I think there’s an object lesson here.

So, let’s say that you’ve decided that your webhost sucks rocks, and you want to change hosts for your domain from your existing server called junkhost to a much better and new fangled one called goodrack.

How To Do DNS The Wrong Way

(or why the site is currently totally missing from the internet as I see it)

Step 1: Your domain’s nameservers are currently set to dns1.junkhost.com and dns2.junkhost.com.

Step 2: Your new hosting company tells you to set them to dns1.goodrack.com and dns2.goodrack.com. You do so.

Step 3: You wait a day or two or possibly flush your home router’s DNS and voila, your host is now visible to you.

Why this is the wrong way: DNS is a caching system. When I try to lookup the IP address for yoursite, then I don’t ask your nameserver for it. I ask my nameserver for it. My nameserver then asks you, but only if it doesn’t already know.

See, you communicate with your site regularly. So you are doing lots of queries and flushing the DNS on a regular basis. Home router DNS systems tend to flush a lot, as do cable modems and cable companies, etc. So you might see that nameserver switch in just a day or so. Maybe less.

Me, on the other hand, am sitting here at BigCompany, which has weird fiber and satellite links to all sorts of places. If my DNS has your nameservers cached, it could be cached for weeks. And you don’t have a whole hell of a lot of control over what is called “TTL”, or “Time-To-Live”.

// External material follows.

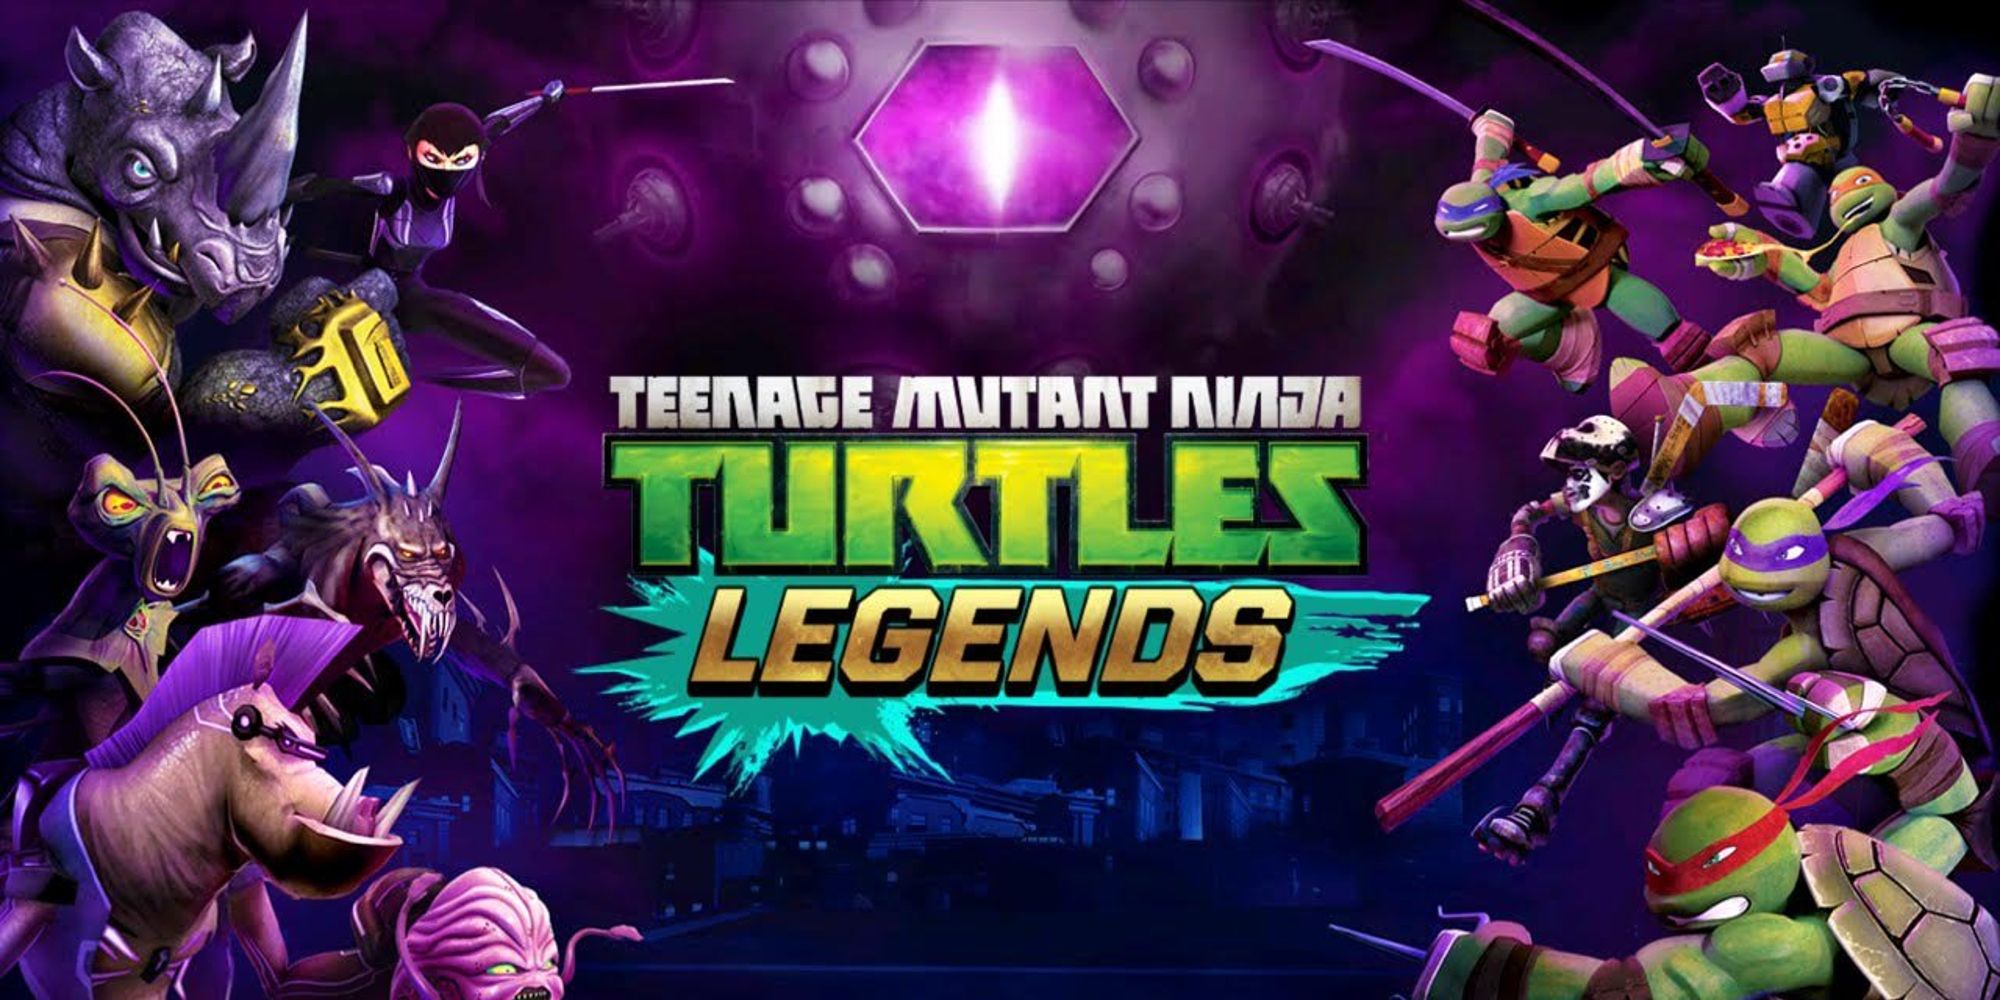 Promotional artwork for Teenage Mutant Ninja Turtles Legends

Time-To-Live is what tells DNS caching servers when to drop the info and get fresh data. If the TTL for, say, a normal DNS lookup is 2 hours, then my nameserver isn’t constantly querying yours whenever I look at your site. It only queries it once every two hours, tops. More or less.

Sitting here looking at the thing in debug mode, I see that there’s another 46 hours left to go before the old data I now know exists gets flushed out of the DNS server. By then, I won’t have been able to access his site for a bit under 2 weeks. And I’m not the only one.

How To Do DNS The Right Way

(or why I can change hosts in under a couple hours)

Step 1: My domain’s nameservers are currently set to dns1.myregistrar.com and dns2.myregistrar.com. My registrar offers DNS hosting for free, as part of my having bought my domain through them. If they didn’t, I could use a free service like ZoneEdit, or similar.

Step 2: My new hosting company tells me to set the nameservers to dns1.goodrack.com and dns2.goodrack.com. I look them right in the eye, tell them to “get bent”, and ask what the IP address of my new server will be. If they put up a fight, I tell them I can always find a better web host. That usually shuts them up.

Step 2 (alternate): I say “sure, whatever you say”, then do the following at a command line:

C:\otto\>nslookup
Default Server:  dns.mycompany.com
Address:  1.2.3.4

> server dns1.goodrack.com
Default Server:  dns1.goodrack.com
Address:  5.6.7.8

> set type=any
> mydomain.com
Server:  dns1.goodrack.com
Address:  5.6.7.8

mydomain.com      internet address = 111.222.111.222
(root)  nameserver = dns1.goodrack.com
(root)  nameserver = dns2.goodrack.com
dns1.goodrack.com    internet address = 5.6.7.8
dns1.goodrack.com    internet address = 5.6.7.9

Now I know my new server’s IP address from there (it’s 111.222.111.222).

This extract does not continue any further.